After our early morning workout session, I forced myself to make my excuses and packed a bag with clothes for a week, before leaving a note to Ty and Loz and fleeing to my Mum’s. She would be at work until three but I had a house key and my step-dad Russell might be around. After blurting out my excuse I knew that it would be the best course of action for me as my Mum has always been the voice of reason in my life. Every time I was worried or confused I would talk to her about it and she always managed to steer me in the right direction, provide comfort and make me feel less like I was doomed to the insanity of my life.
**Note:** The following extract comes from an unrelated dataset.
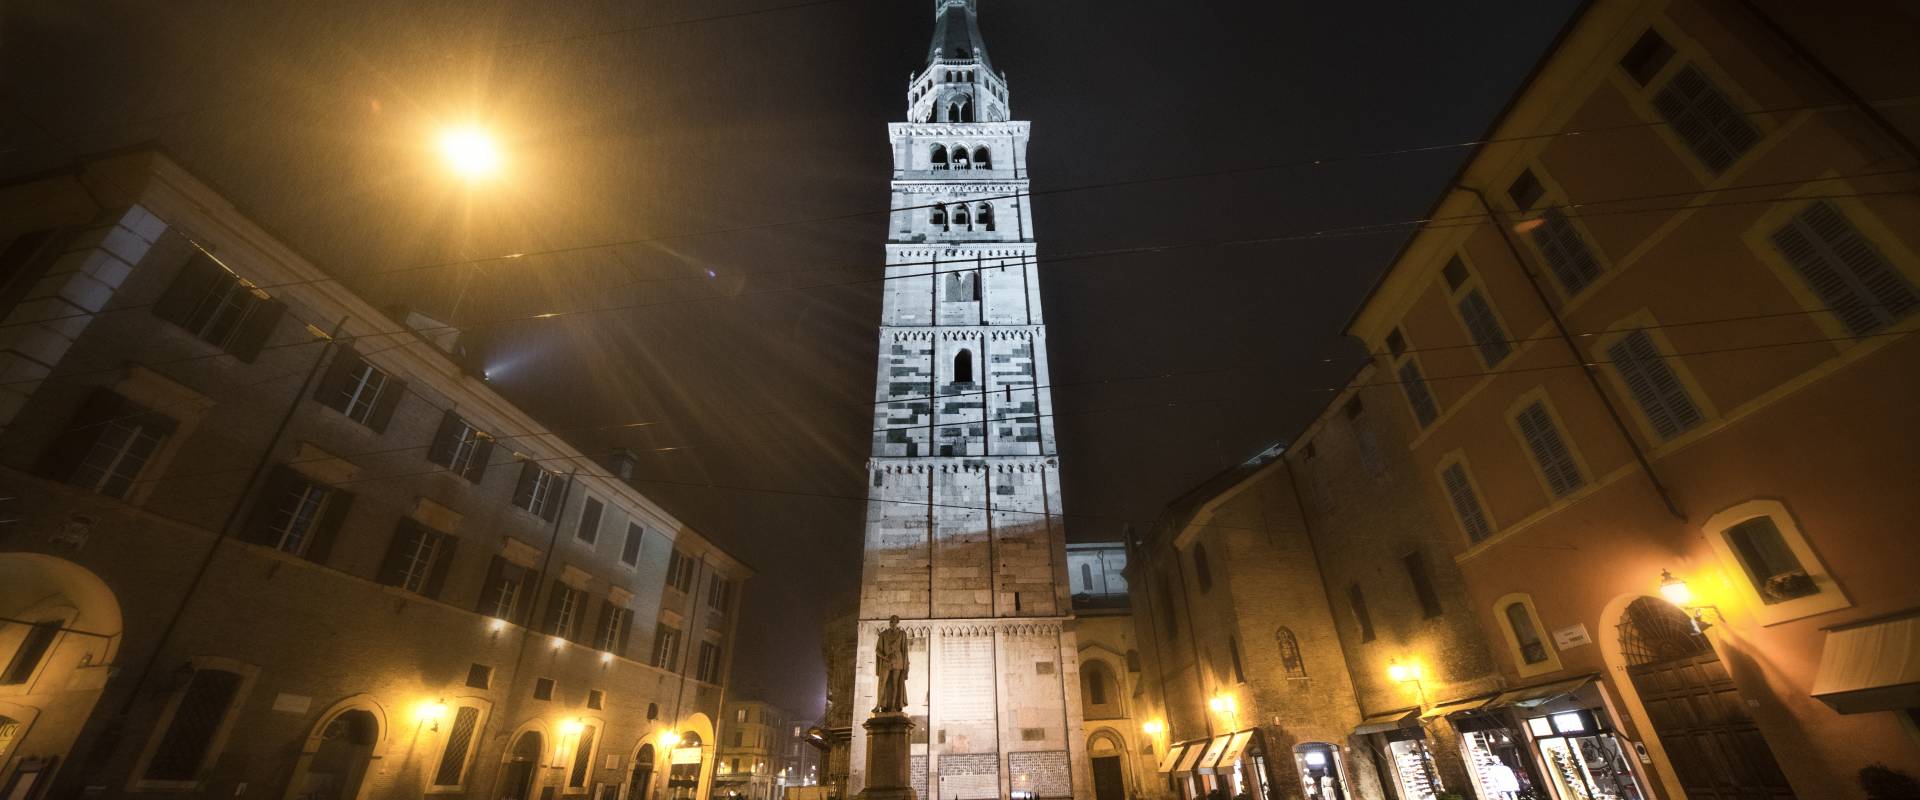 Modena Ghirlandina di notte foto di Lara zanarini

The hour and a half drive back into the countryside had a calming effect on me, the stress the last few weeks seeming to melt away with the miles. By the time I arrived a light sprinkling of rain was drifting down in a haze. I pulled up into the driveway and frowned slightly as I saw my mother’s car in its place. I checked the time again and wondered why she would be home so early on a Friday when she should be at school. I jumped out a wrapped my arms around myself to protect from the mid-November cold. I glance around the other four houses in the street and hurried over Russell’s neat lawn.